Most characters in a regular expression match themselves. That is, an "f" in a regular expression matches an "f" in the target string. There are several special characters, however, that provide more sophisticated pattern-matching capabilities.

.
The period matches any single character except a newline.
* + ?
These are postfix operators, which indicate to try to match the preceding regular expression repetitively (as many times as possible). Thus, o* matches any number of o's. The operators differ in that o* also matches zero o's, o+ matches only a series of one or more o's, and o? matches only zero or one o.
"[ ... ]"
Define a "character set," which begins with [ and is terminated by ]. In the simplest case, the characters between the two brackets are what this set can match. The expression [Ss] matches either an upper or lower case s. Brackets can also contain character ranges, so [0-9] matches all the numerals. If the first character within the brackets is a caret ( ), the expression will only match characters that do not appear in the brackets. For example, [ 0-9]* only matches character strings that contain no numerals.
^$
These are special characters that match the empty string at the beginning or end of a line.
\|
These two characters define a logical OR between the largest possible expression on either side of the operator. So, for example, the string Endeavor\|Oceanus matches either Endeavor or Oceanus. The scope of the OR can be contained with the grouping operators, \( and \).
\( \)
These are used to group a series of characters into an expression, or for the OR function. So, for example, \(abc\)* matches zero or more repetitions of the string abc2.

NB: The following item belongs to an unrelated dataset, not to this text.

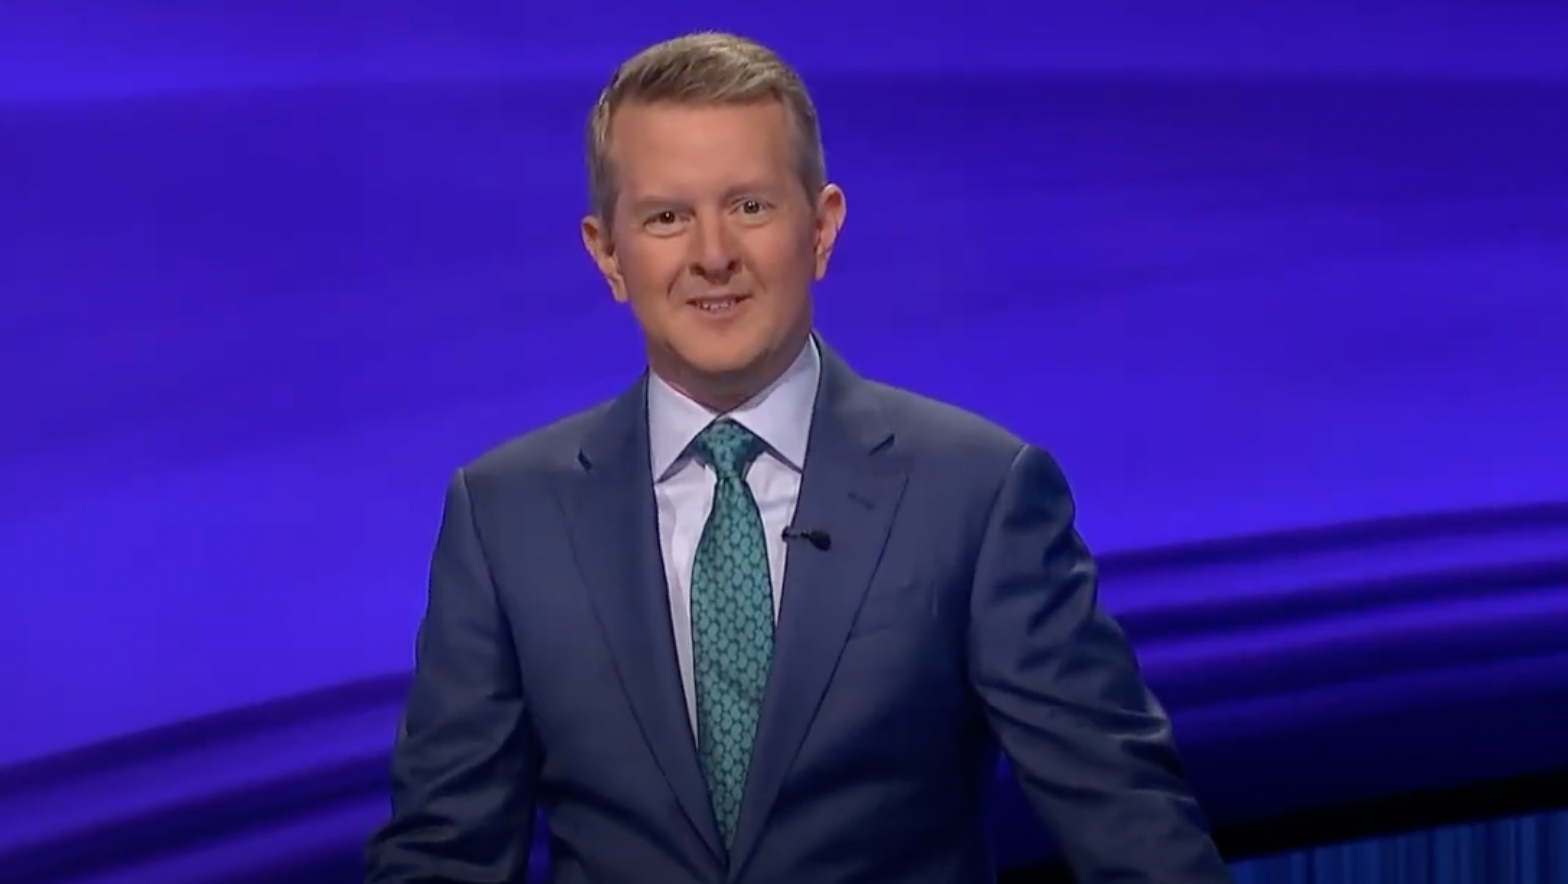 Ken Jennings is the sole Jeopardy! host after the departure of Mayim Bialik

There are several more special characters and several other features of the characters described here, but they are beyond the scope of this guide. The OPeNDAP regular expression syntax is the same as that used in the Emacs editor. See the documentation for Emacs for a complete description of all the pattern- matching capabilities of regular expressions.

Optimizing the Query

Using the tools provided by OPeNDAP, a user can build quite elaborate and sophisticated constraint expressions that will return precisely the data he or she wishes to examine. However, as the complexity of the constraint expression increases, so does the time necessary to process that expression. There are some techniques a user may user to optimize the evaluation of a constraint that will ease the load on the server, and provide faster replies to OPeNDAP dataset queries.

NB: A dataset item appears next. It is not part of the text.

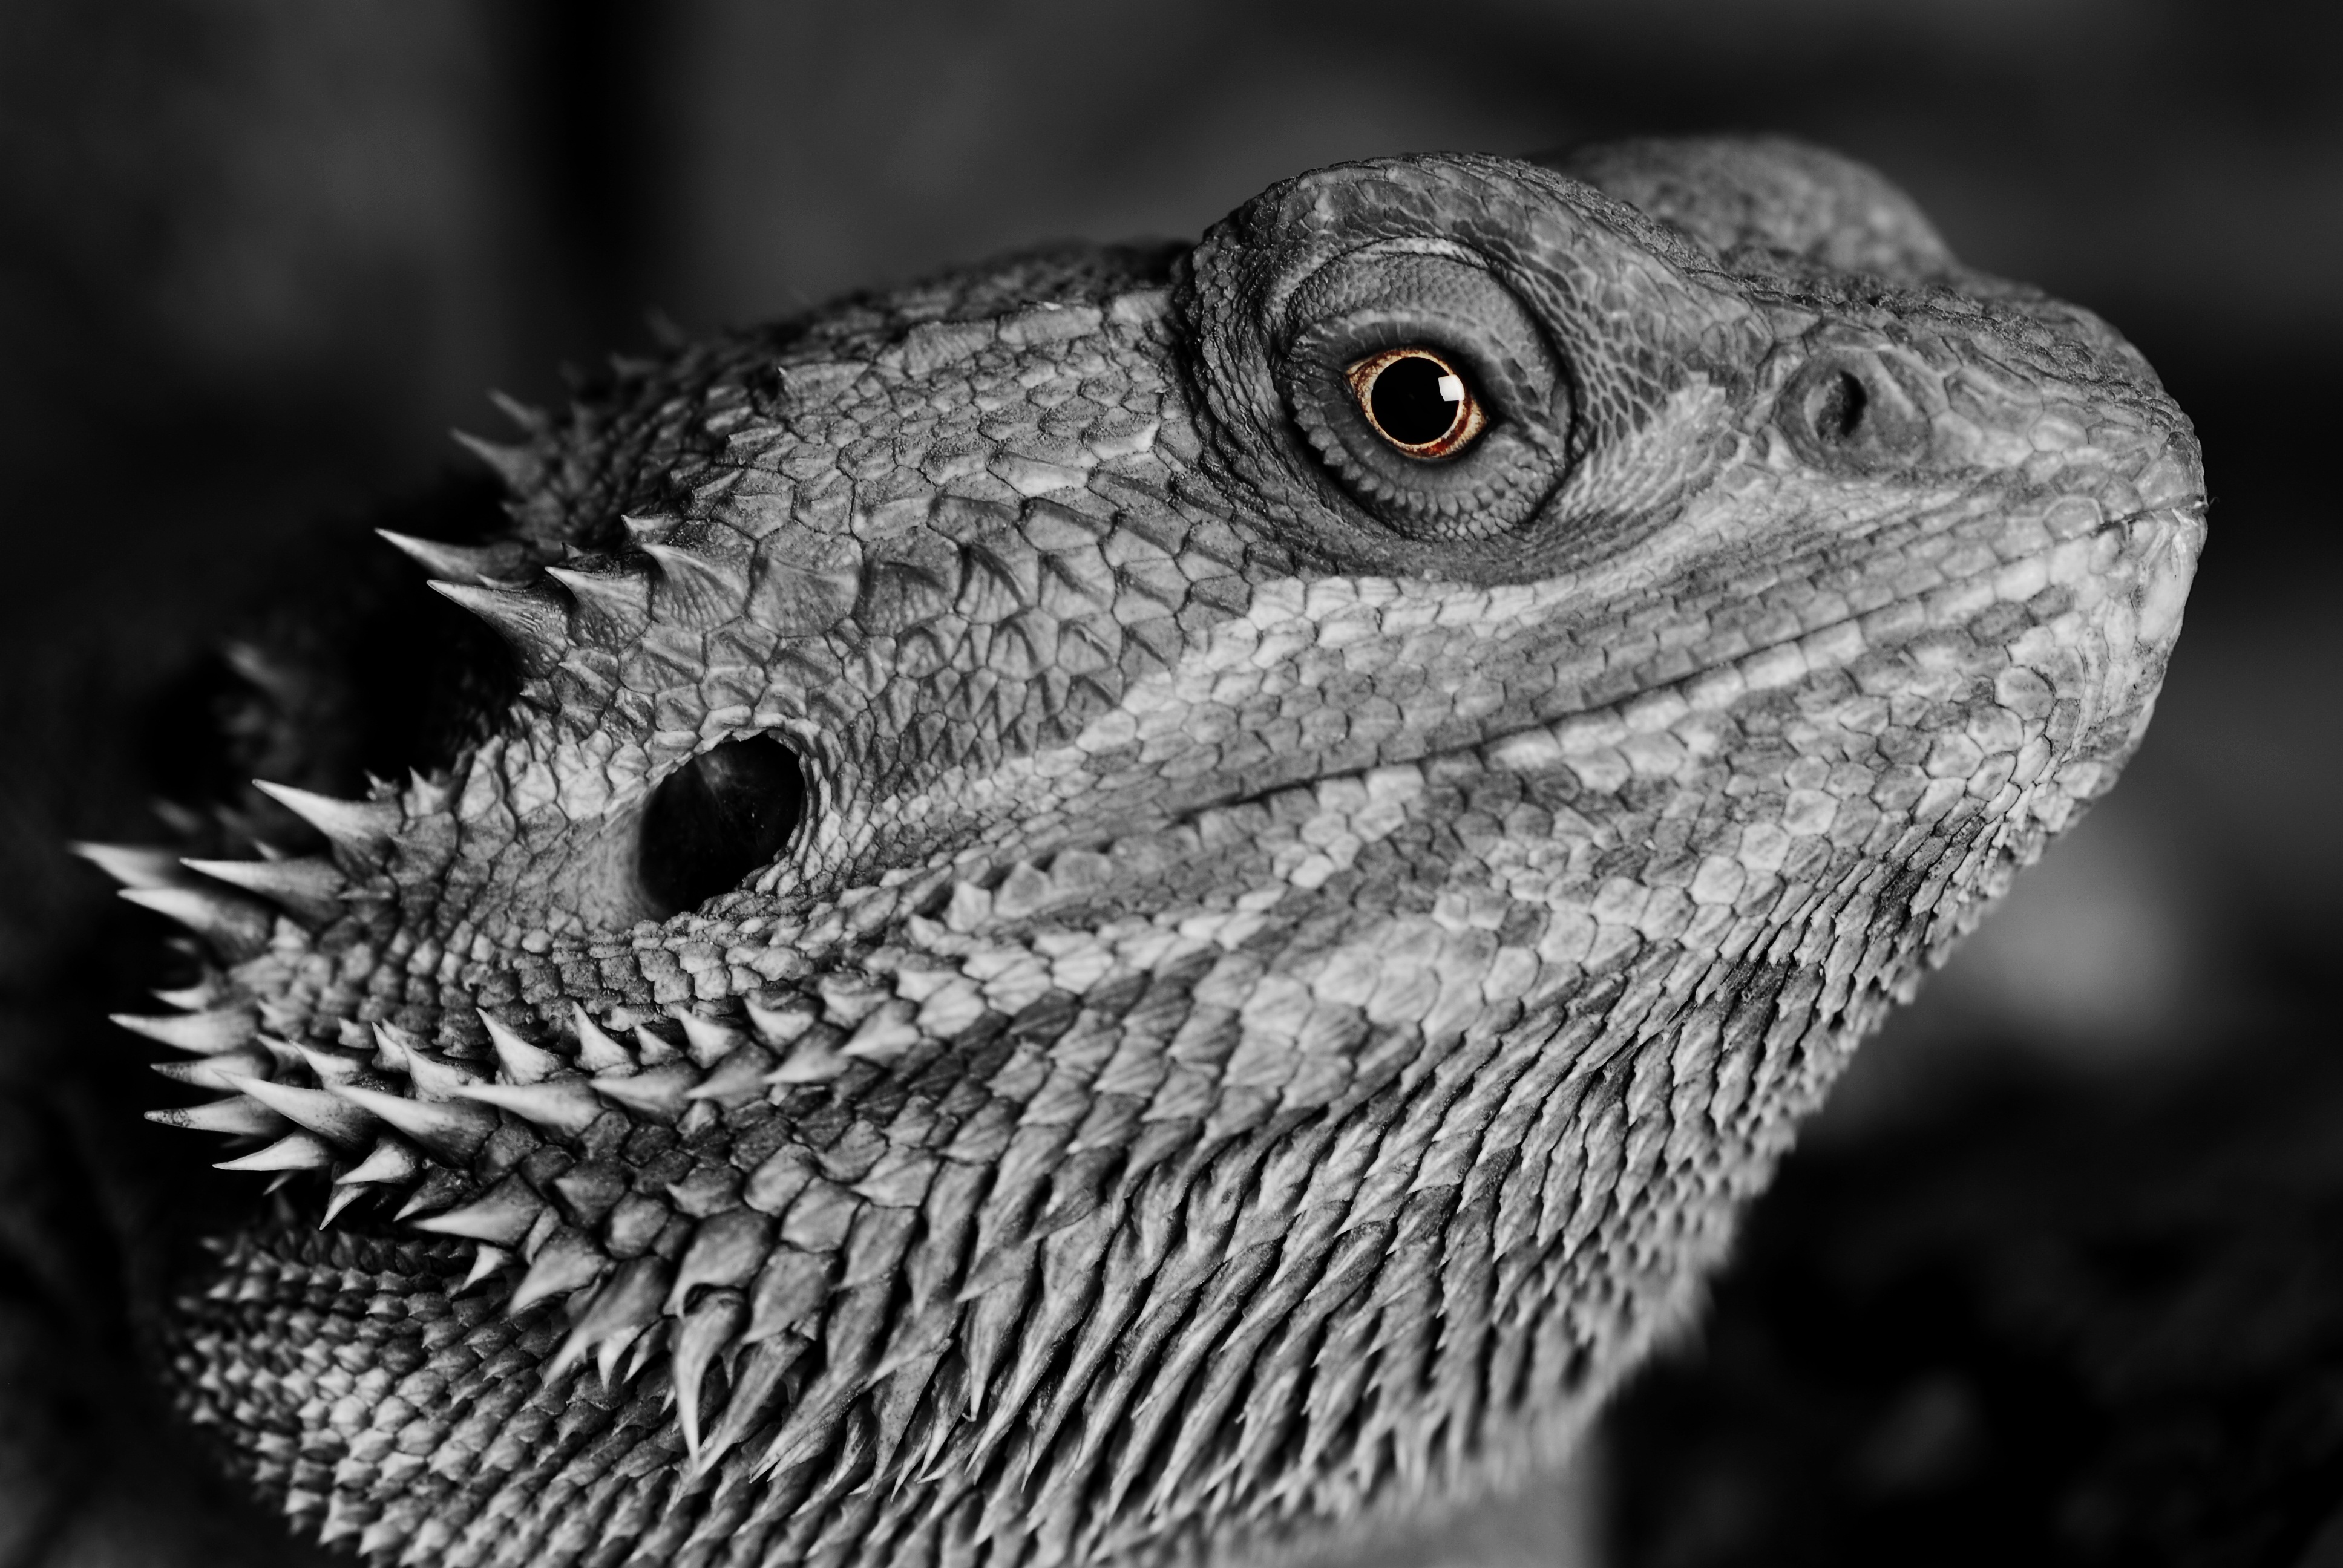 Wallpapers lizard monochrome black and white on the desktop

The OPeNDAP constraint expression evaluator uses a "lazy evaluation" algorithm. This means that the sub-clauses of the selection clause are evaluated in order, and parsing halts when any sub-clause returns FALSE. Consider a constraint expression that looks like this:

?station&station.cast.O2>15.0&station.cast.temp>22.0

If the server encounters a station with no oxygen values over 15.0, it does not bother to look at the temperature records at all. The first sub- clause evaluates FALSE, so the second clause is never even parsed.

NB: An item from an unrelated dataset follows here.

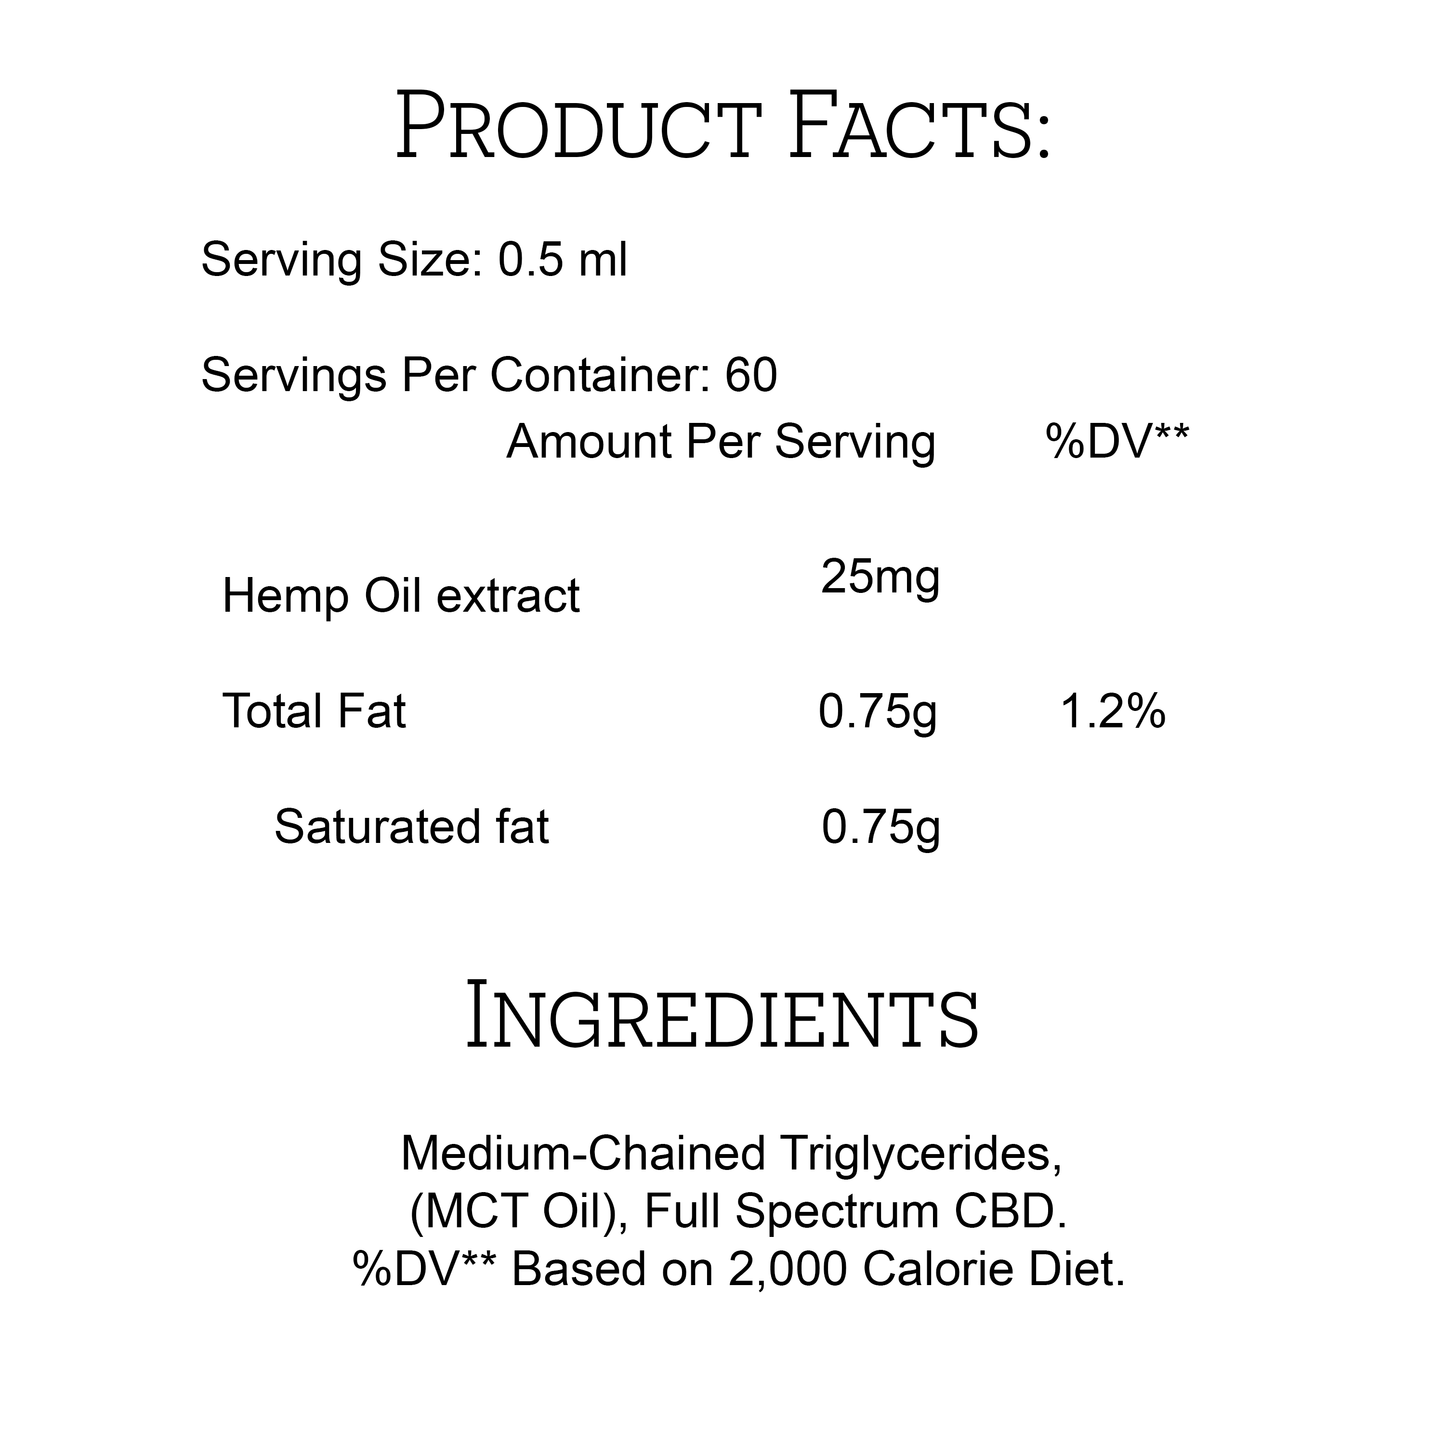 Product label of the Product Facts and Ingredients.

A careful user may use this feature to his or her advantage. In the above example, the order of the clauses does not really matter; there are the same number of temperature and oxygen measurements at each station. However, consider the following expression:

?station&station.cast.O2>15.0&station.month={3,4,5}


For each station there is only one month value, while there are many oxygen values. Passing a constraint expression like this one will force the server to sort through all the oxygen data for each station (which could be in the thousands of points), only to throw the data away when it finds that the month requested does not match the month value stored in the station data. This would be far better done with the clauses reversed:

?station&station.month={3,4,5}&station.cast.O2>15.0

This expression will evaluate much more quickly because unwanted stations may be quickly discarded by the first sub-clause of the selection. The server will only examine each oxygen value in the station if it already knows that the station might be worth keeping.

This sort of optimization becomes even more important when one of the clauses contains a URL. In general, any selection sub-clause containing a URL should be left to the end of the selection. This way, the OPeNDAP server will only be forced to go to the network for data if absolutely necessary to evaluate the constraint expression.